Simulation results of power fluctuation

4.3 Case 3: Effects analysis of model prediction in OTR-I

On the basis of the above control effects, the model prediction strategy is introduced. With different correction intervals, the control effects are shown in Fig. 13. The simulation results show that the control effect is the best when the correction interval is 1 min. With the increase of the correction interval, the control effect is gradually weakened. But when the correction interval is reached, the control strategy collects the real-time customer side information to correct the prediction model. Thus, the actual response curve can re-fit the target curve to ensure the effectiveness of control strategies and reduce the amount of signal transmission as far as possible.

Fig. 13
figure 13

Control effects of target following with different correction intervals

4.4 Case 4: Customers’ responsive behavior effects on distributed control strategy

The real-time price in New York [31] is utilized in this case. Make \(\varepsilon_{{bace}}\) to be 20 $/MWh (at which customers will totally take part in DR), λ = 0.8 and T range  = 2 °C and δ is given in Table 2 in this case.

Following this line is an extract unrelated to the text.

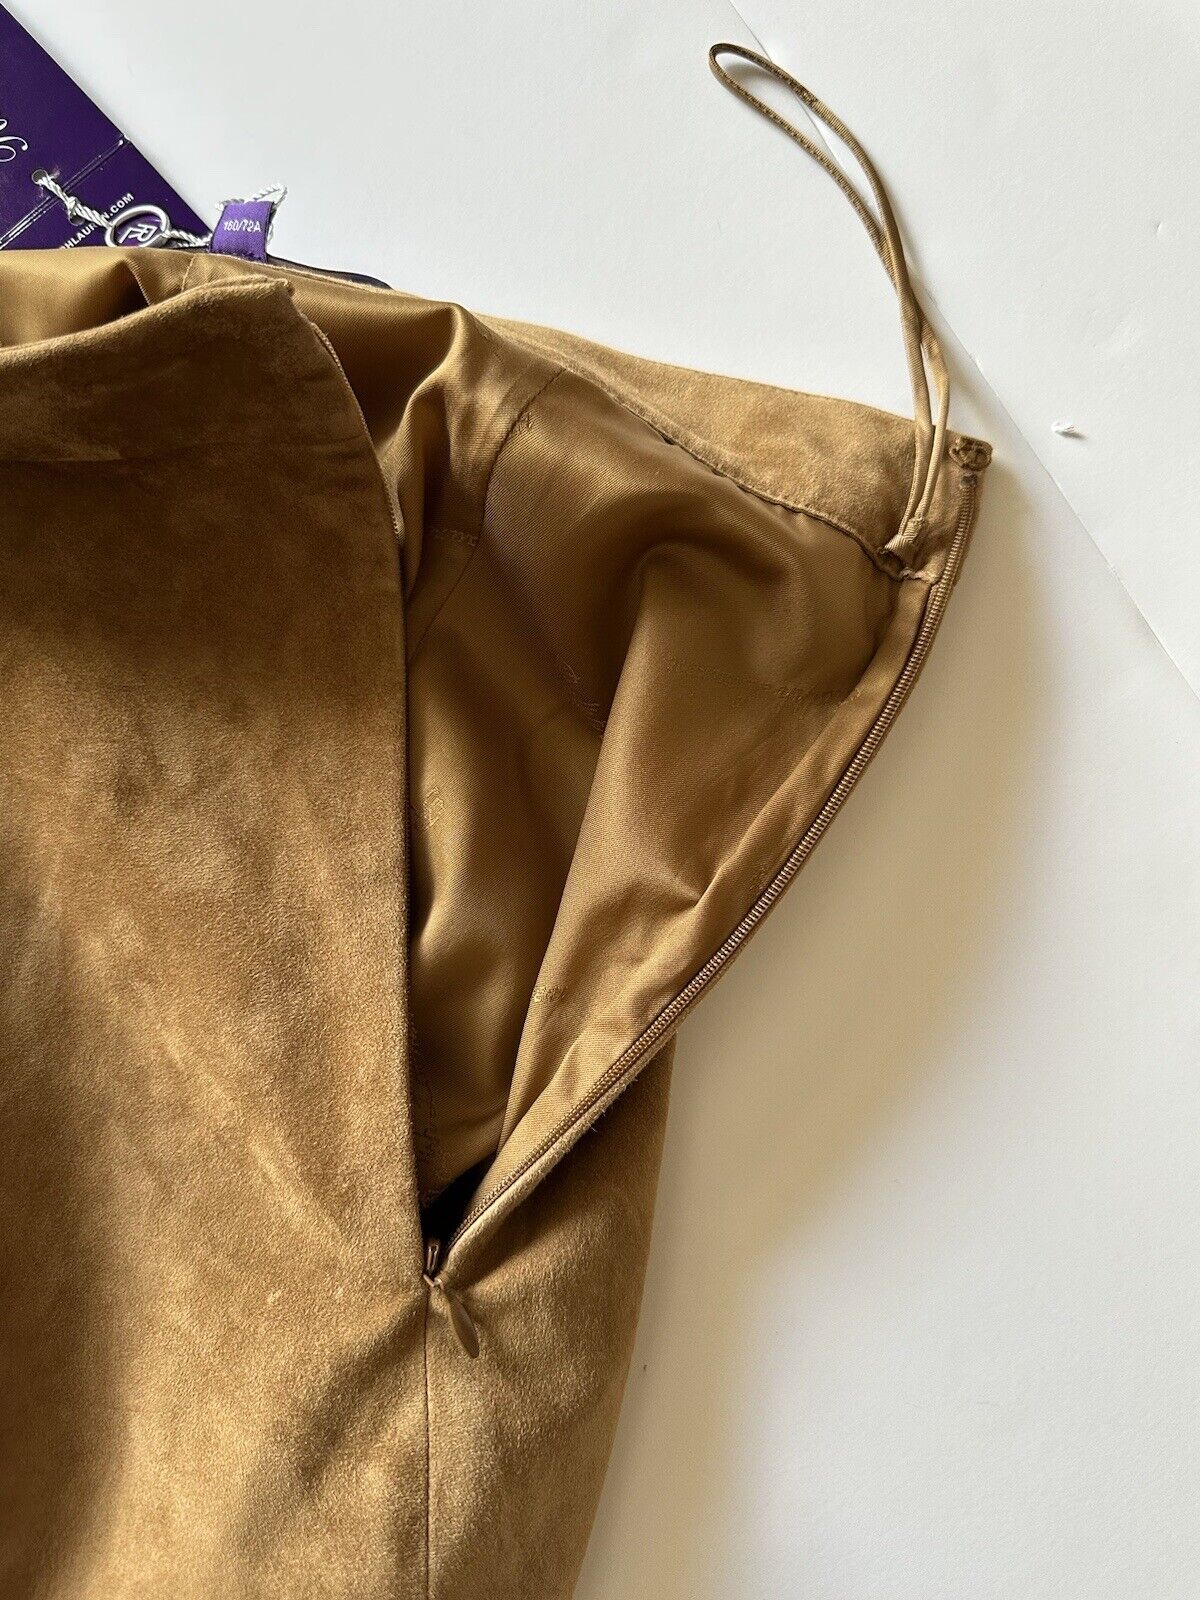 NWT 2890 долларов США Ralph Lauren Purple Label Замшевая коричневая юбка-трапеция 4 Сделано в США, Италия

Since the number of VPPs in this study is relatively large, and the properties of each VPP are similar, we only gives a representative VPP simulation results. The real-time price and deviation between \(\varepsilon_{{realtime}}\) and \(\varepsilon_{{base}}\), control effects and the changing trend of u for some typical VPPs are shown in Fig. 14 to illustrate the customers’ responsive behavior on control effect. Figure 15 shows the comparison of aggregated load control effects in distributed control strategy with or without considering customers’ responsive behavior.

Fig. 14
figure 14

Control effects and the changing trend of u for some typical VPPs

Fig. 15
figure 15

Aggregated load control effects in distributed control strategy with or without considering customers’ responsive behavior

Instead of getting full participation in DR, customers’ responsive behavior brings some adverse effects on control effects. When the deviation between \(\varepsilon_{{realtime}}\) and \(\varepsilon_{{base}}\) becomes large, the regulating capacity of VPPs (\(\rho_{r}\) or \(\rho_{{f}}\)) will reduce because of the adjustment range of optimal solution for u changing.

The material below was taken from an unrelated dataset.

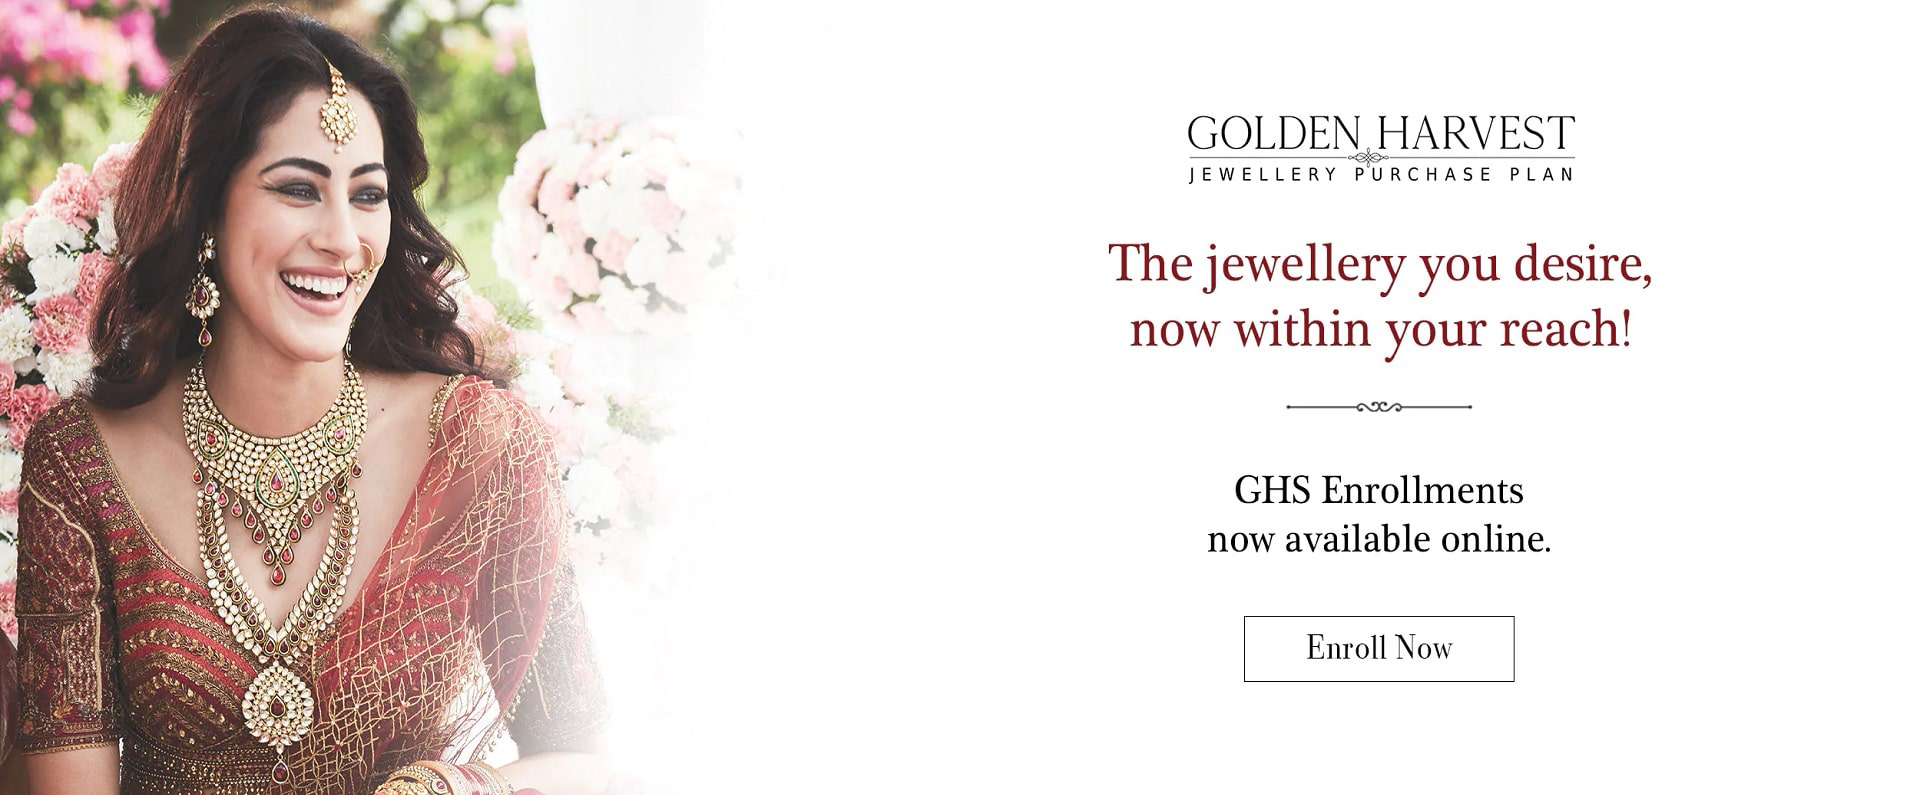 Golden harvest jewellery purchase plan

Similarly, customers’ responsive behavior weakens the fluctuation balancing effects, as shown in Fig. 16.

Fig. 16
figure 16

Simulation results of power fluctuations considering customers’ responsive behavior

Under the influence of the price, the costumers’ behavior changes, which will inevitably lead to the corresponding changes in electricity load. This process is in the case of unconscious energy storage and release in fact.

5 Conclusion

A hierarchical and distributed control strategy of TCAs is established, which is used to balance the power fluctuation of tie line caused by renewable energy through controlling heat pumps. Target assignment and compensating algorithm are introduced to achieve maximum utilization of DR resources in controlled regions. Besides, the nearly center-free hierarchical and distributed control strategy decreases the amount of communication data. We also improve OTR-O to OTR-I by integrating model prediction and customers’ responsive behavior model. The combined analysis is used to investigate the performance of proposed method. The results indicate that VPPs composed of heat pumps can follow the given target, and then balance power fluctuation of tie line caused by renewable energy, which is better than centralized control strategy. Moreover, instead of getting full participation in demand response, customers’ responsive behavior brings some negative influences on control effects. But considering the customers’ responsive behavior is much closer to the actual situation, and will be more customer-friendly.

The possibility of using prediction model in the DR strategy to further reduce information transmission quantity and the influence of packet loss, bit error and time delay in the communication system on the DR control performance, the influence of tariffs change on VPP charging–discharging mode at the aggregator level, and the interaction between the pricing of compensation strategy and the control strategy of VPP charging–discharging mode will be studied in the future.